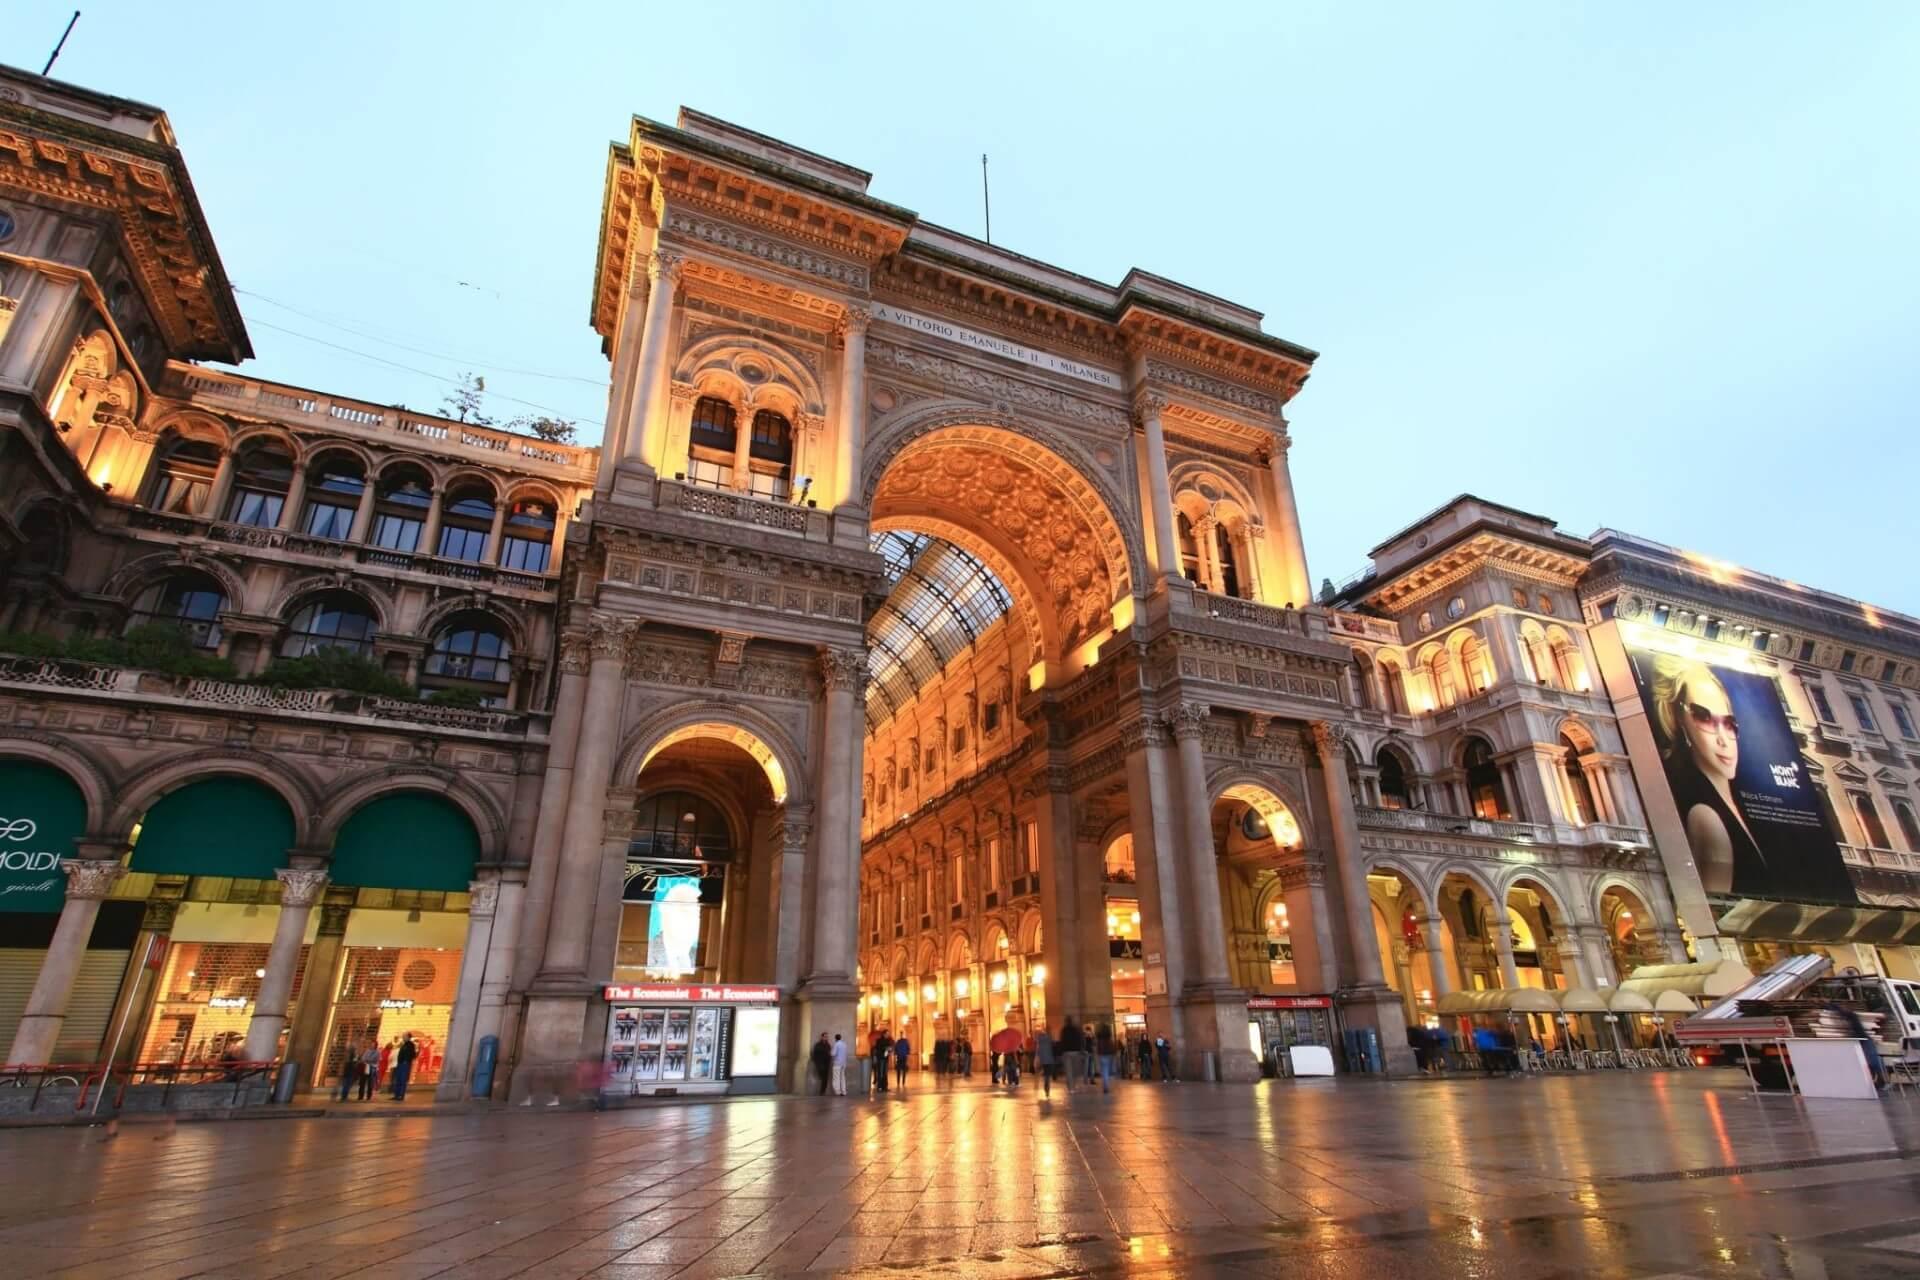 Week end à Milan : capitale de la mode
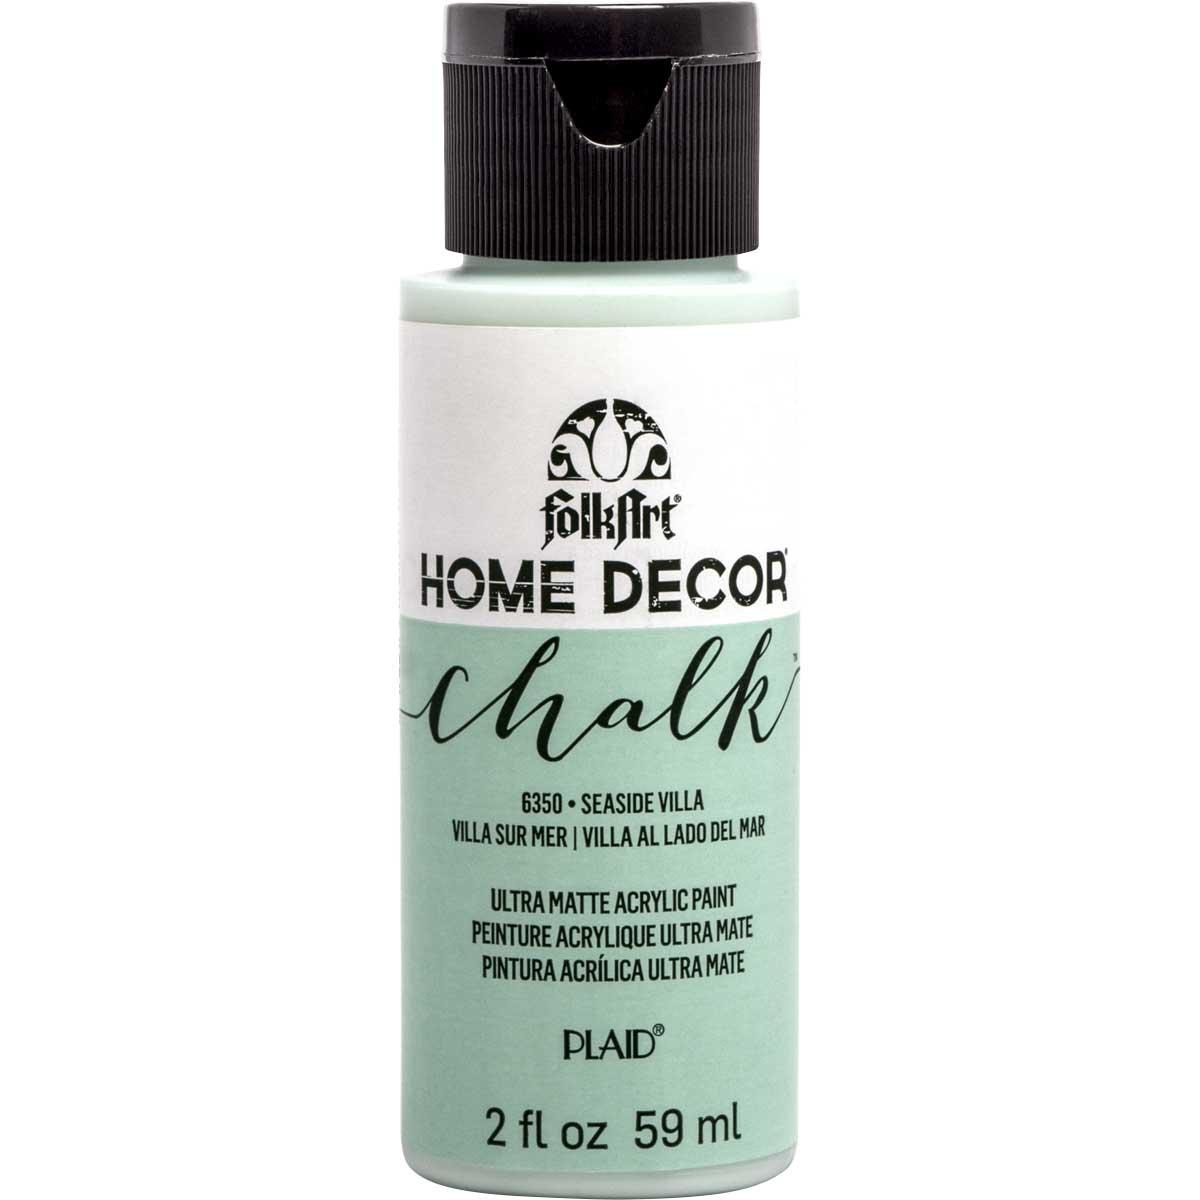 FolkArt ® Home Decor™ Chalk - Seaside Villa, 2 oz. - 6350
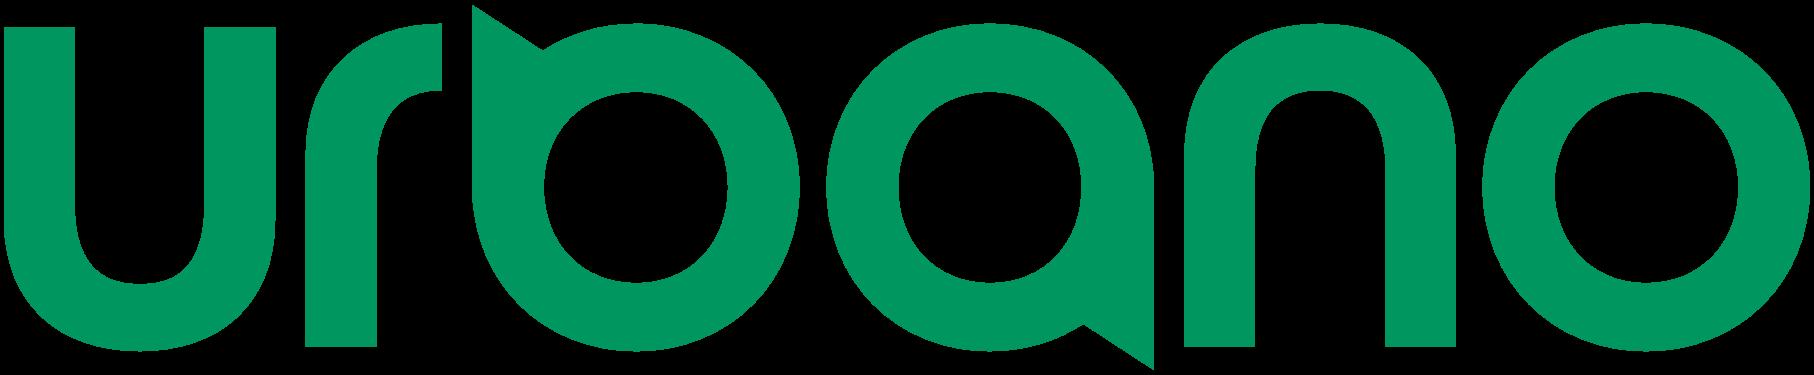 Urbano logo.png

····················

WHAT YOU NEED TO DO: Print all of the data exactly, and do not carry over any pictures.

ANSWER:
 Week end à Milan : capitale de la mode
 FolkArt ® Home Decor™ Chalk - Seaside Villa, 2 oz. - 6350
 Urbano logo.png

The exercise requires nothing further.